Directions for this task: Each line of the listing below must be retyped exactly, with images left out.

The data:
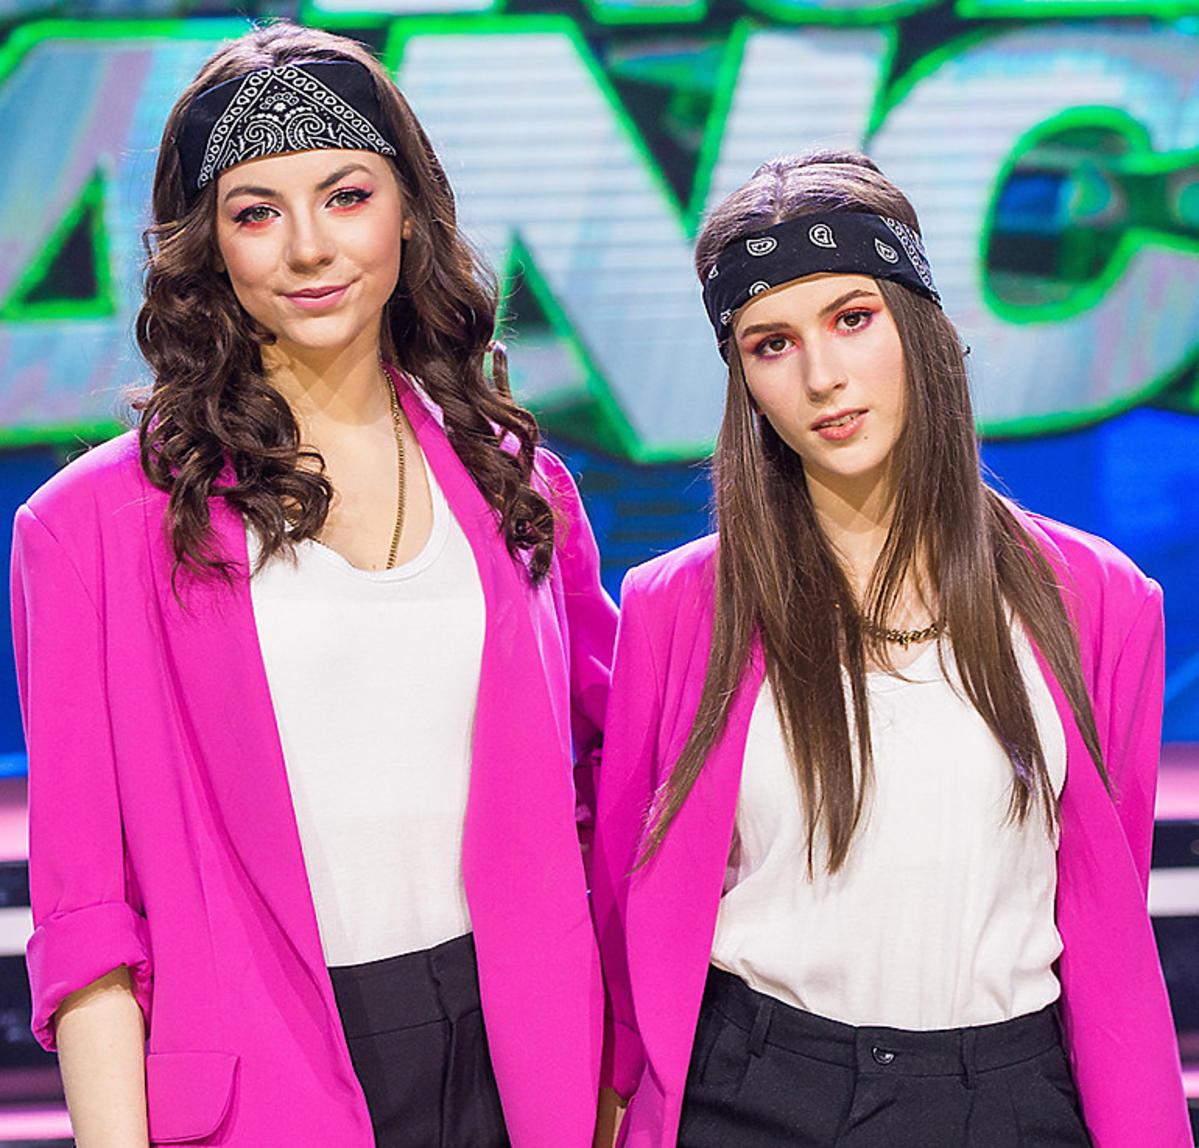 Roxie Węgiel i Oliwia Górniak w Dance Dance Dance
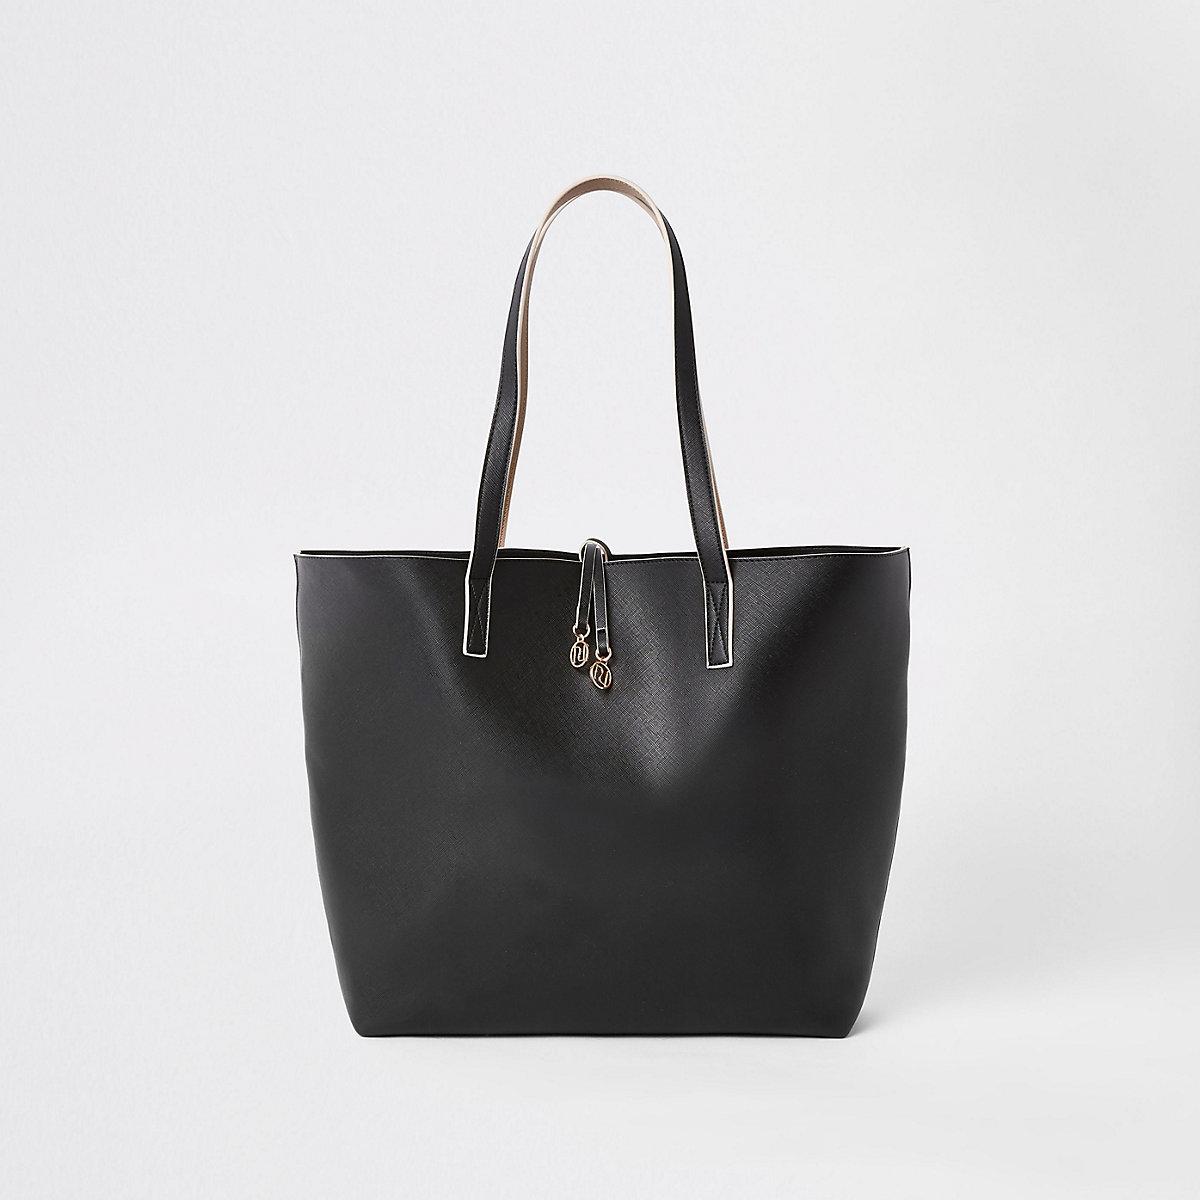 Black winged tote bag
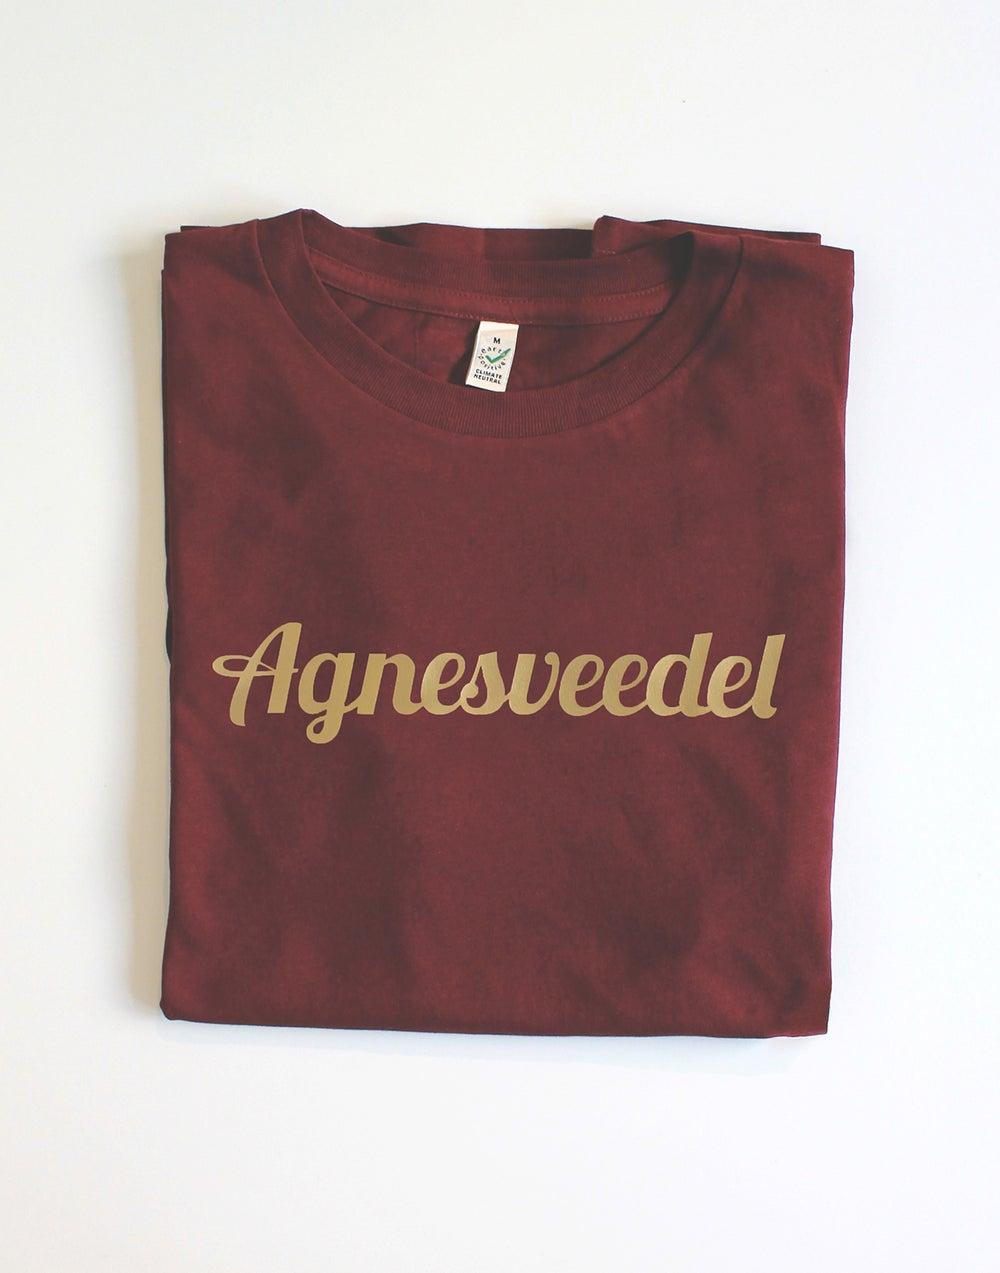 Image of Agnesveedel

Result for this exercise:
 Roxie Węgiel i Oliwia Górniak w Dance Dance Dance
 Black winged tote bag
 Image of Agnesveedel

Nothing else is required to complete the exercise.